What is Euler?
Euler is a modular lending protocol that allows anyone to create customized lending markets. Unlike monolithic lending platforms, Euler enables permissionless market creation with configurable risk parameters, oracles, and collateral rules.
How it works
Euler v2 introduced a modular architecture built around vaults. Each vault is an independent lending market with its own collateral requirements, interest rate models, and risk parameters. This modularity means vault creators can tailor markets to specific use cases.
Vaults can be configured to accept specific collateral types, use particular oracle feeds, and set custom liquidation thresholds. This flexibility enables markets for assets that wouldn't fit into one-size-fits-all lending pools.

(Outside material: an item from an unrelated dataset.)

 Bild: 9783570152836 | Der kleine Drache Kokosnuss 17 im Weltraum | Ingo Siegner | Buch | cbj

The Ethereum Vault Connector (EVC) links vaults together, allowing users to use positions in one vault as collateral in another. This creates composability between isolated markets while maintaining risk separation.
Vault types
Euler supports multiple vault configurations. Some vaults are permissionless — anyone can supply and borrow. Others are permissioned, restricting access to approved participants for compliance or risk management reasons.

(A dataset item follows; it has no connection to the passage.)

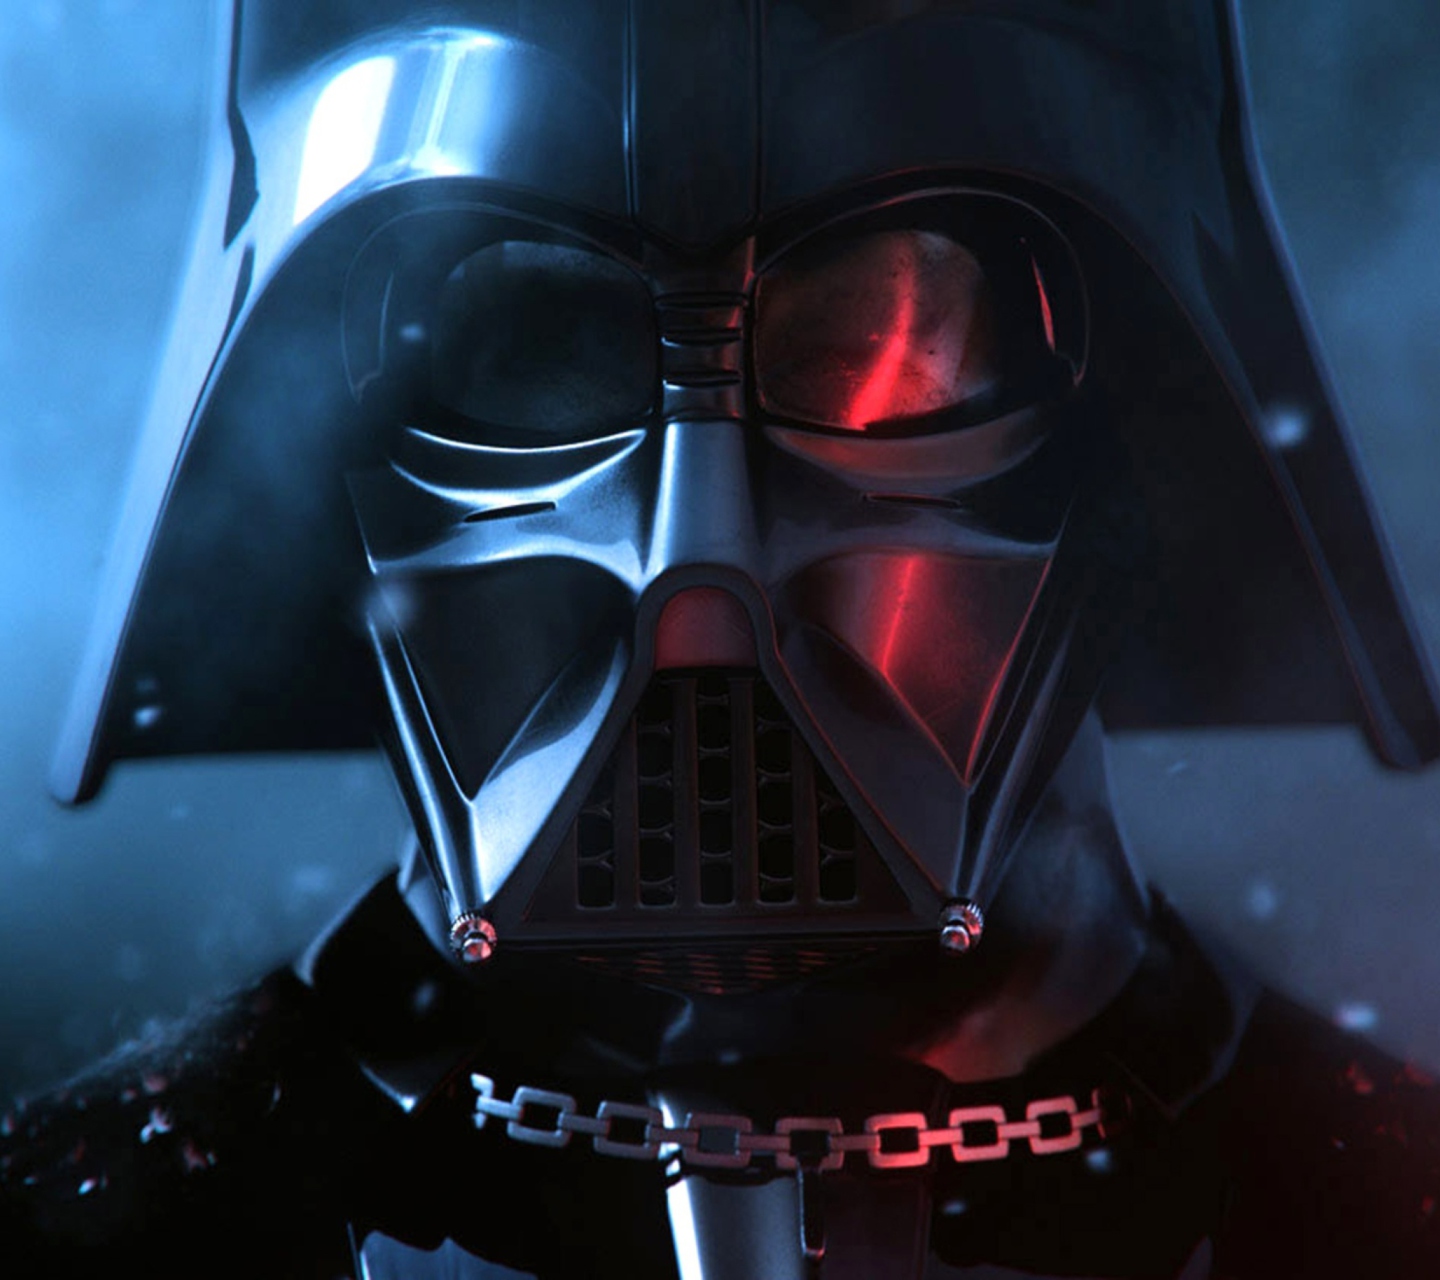 Sfondi Darth Vader 1440x1280
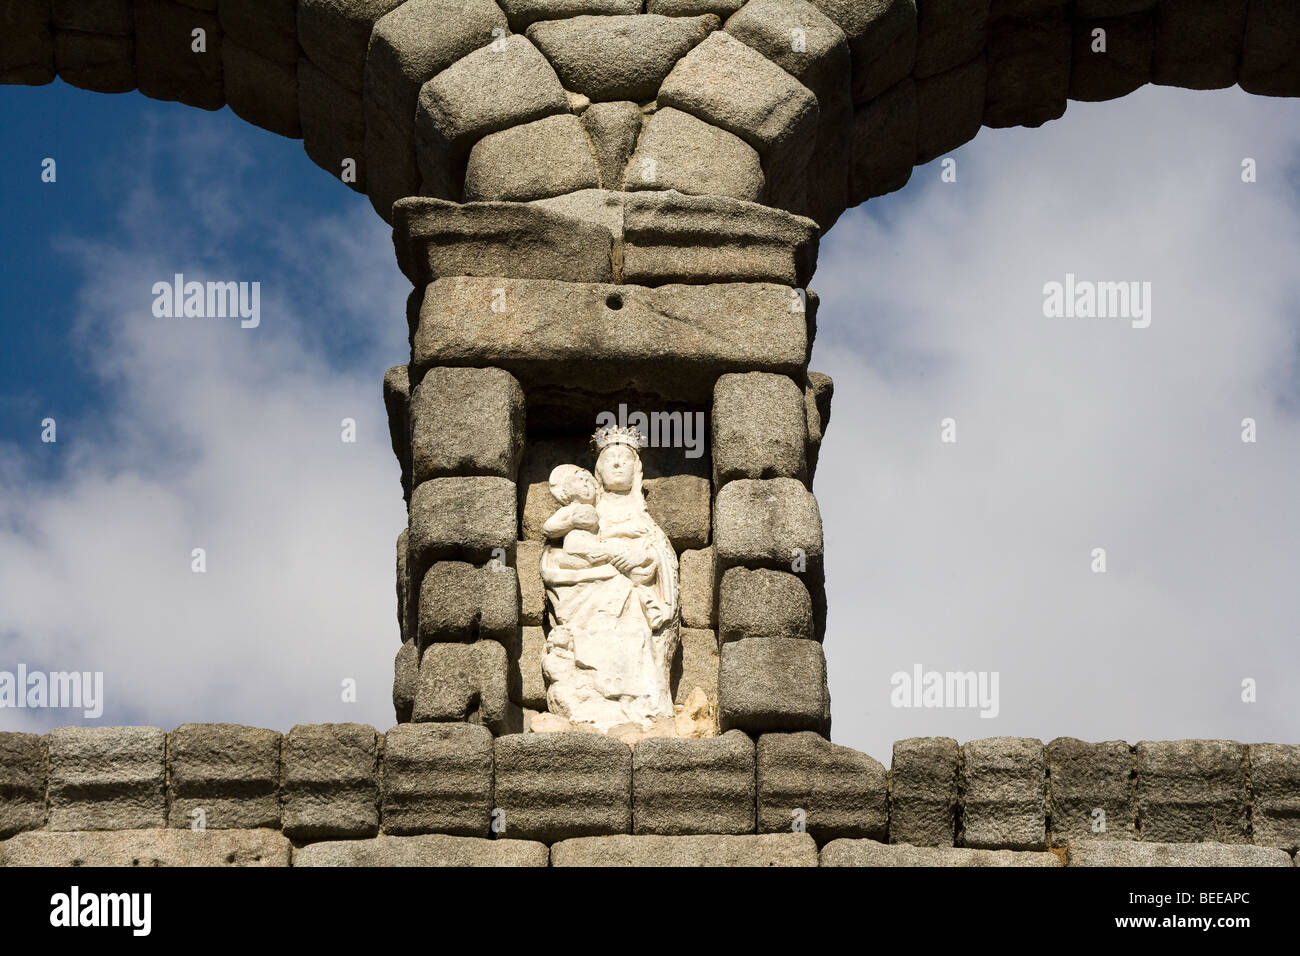 Statue de Vierge Marie et l'enfant Jésus sur l'eau, l'Aqueduc Romain détail, Segovia, Espagne Banque D'Images

Governed vaults have parameters controlled by governance or designated managers. Ungoverned vaults lock parameters at deployment, providing immutability guarantees for users who prefer fixed rules.
While both enable isolated markets, Euler's EVC creates cross-vault composability. Positions in one vault can collateralize borrowing in another, enabling more capital-efficient strategies.
Supplying and borrowing
Suppliers deposit assets into vaults and receive shares representing their position. These shares earn yield as borrowers pay interest. The interest rate adjusts algorithmically based on utilization.
Borrowers deposit collateral and borrow against it up to the vault's loan-to-value limit. If collateral value drops relative to debt, positions become liquidatable. Liquidators repay debt and receive collateral at a discount.
Risks to understand
Smart contract risk is present in any DeFi protocol. Euler v2 is a new architecture — while audited, new systems carry additional uncertainty compared to battle-tested code.
Oracle risk matters because liquidations depend on accurate pricing. Vault creators choose oracles, so the reliability of price feeds varies by market.
Governance risk exists in governed vaults where parameters can change. Ungoverned vaults avoid this but sacrifice flexibility.